Вместе с отчетливой мыслью пришел звук открывающегося замка. Дверь лязгнула, и немедленно вслед за тем щелкнули затворы. «Теперь так всегда ко мне приходят… А… Разве уже кто-то приходил?» Синдзи попытался напрячь память, но она лениво отмахнулась и исчезла в приступе острой дрожи. Когда в глазах прояснилось, на стуле перед ним расположился взлохмаченный Ставнийчук, а за его спиной двое конвоиров целились куда-то над головой сидящего.
«Это они в меня. Да».
— Синдзи…
Голос доктора звучал так, будто в комнате поселилось эхо, предательски подхватывая каждый звук и перебрасывая его от одной стены к другой.
— Синдзи, такое дело…
— Здравствуйте, доктор.
Собственные слова шли словно не из его горла. Сердитый второй голос советовал не отвлекаться на глупые ассоциации, и Синдзи постарался сосредоточить все свое внимание на сидящем перед ним человеке. Как только это удалось, он сразу понял, что руки Ставнийчука скованы, а говорит доктор о своем последнем желании, о том, что ни о чем не жалеет…
— Доктор… О чем вы говорите? Какое желание?..
Ставнийчук поднял густые брови:
— Меня осудили как пособника грубого нарушения устава. Расстрел.
Муть в мозгу ненадолго развеялась.
— Расстрел? Нарушение? — преодолевая дрожь, он приподнялся в кровати и увидел, как напряглись солдаты. — Но за что?!
— Я запустил ракету, мы с Акаги так договорились. Она с Канаме уложила полковника, а я нейтрализовал часового и управлял стартом.
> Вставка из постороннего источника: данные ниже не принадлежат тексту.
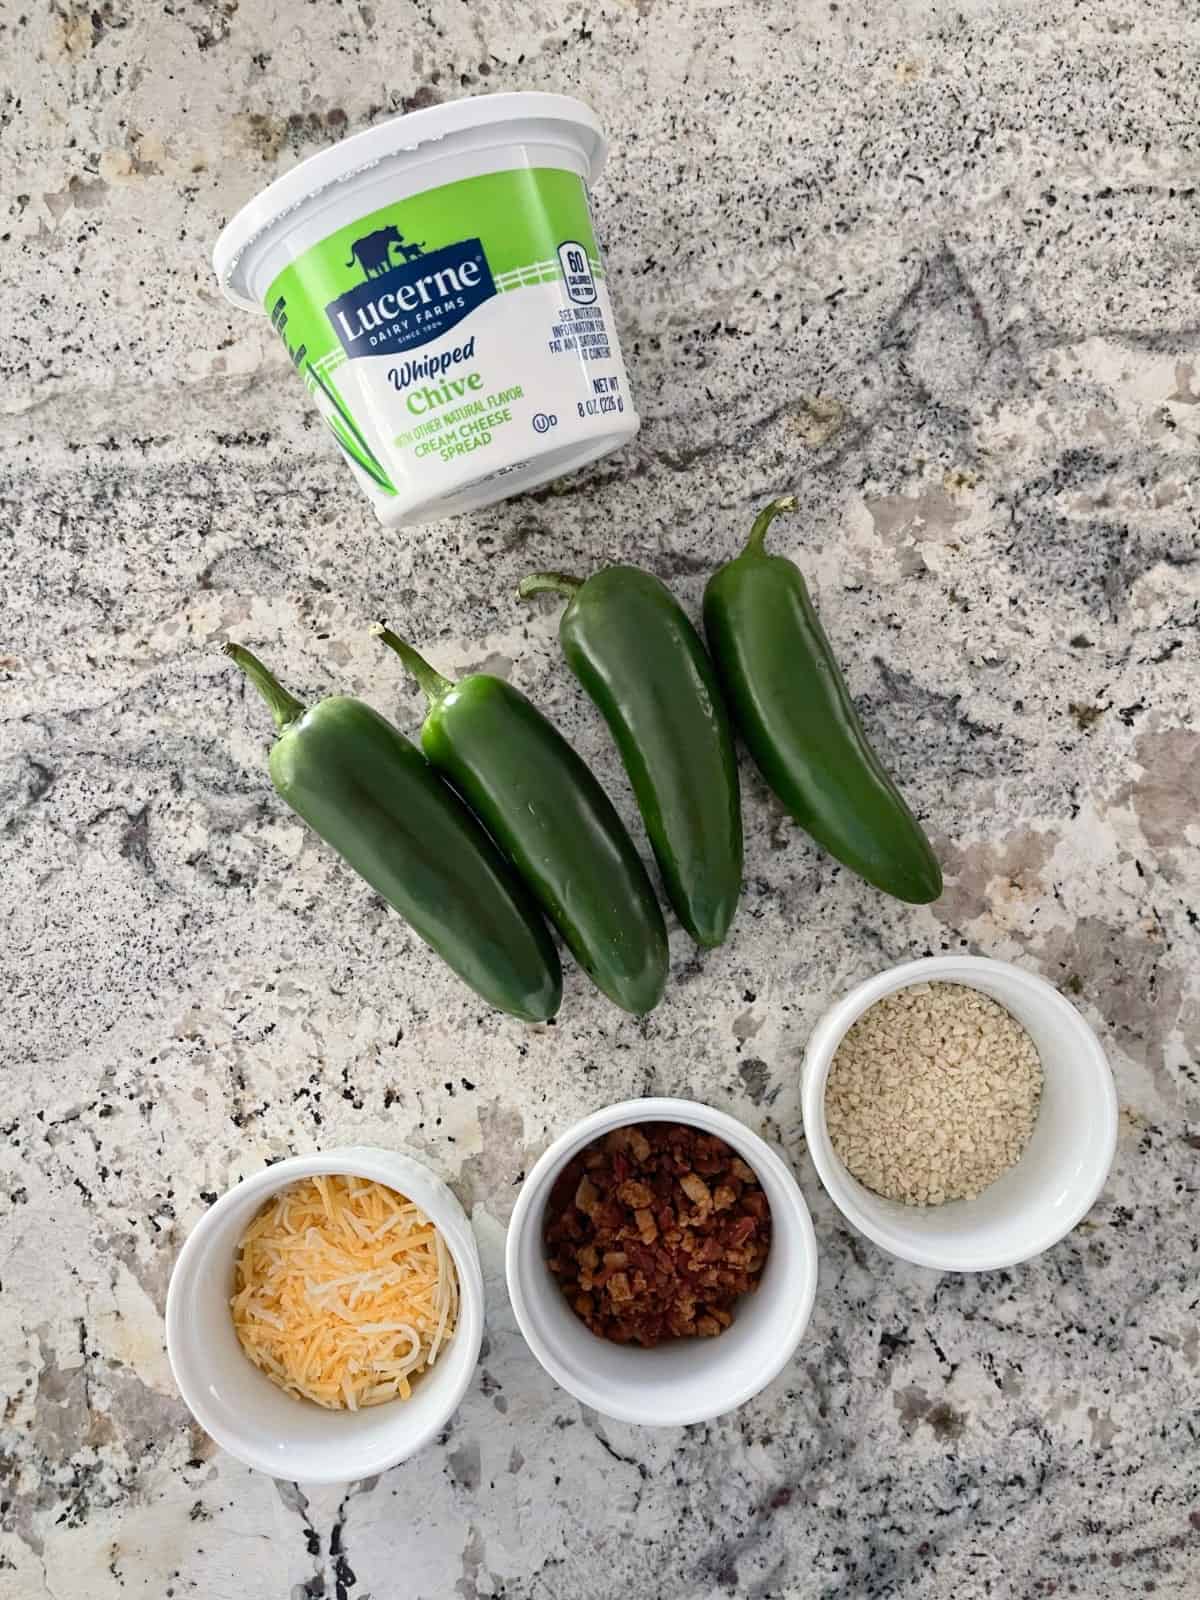 Ingredients including container of whipped cream cheese with chives, four whole jalapeno peppers, shredded cheese, bacon crumbles and panko breadcrumbs.

«Вот как… Спасибо, доктор». Он кивнул в ответ, показывая, что понял: Синдзи даже примерно не представлял, как он выглядит, и видно ли по его лицу, что он осознает что-то. В голове вновь поднялся бубнеж, а по телу загуляли искорки, от которых щекотно немела кожа, так что он зябко поежился и вновь собрал всю слабую волю в кулак.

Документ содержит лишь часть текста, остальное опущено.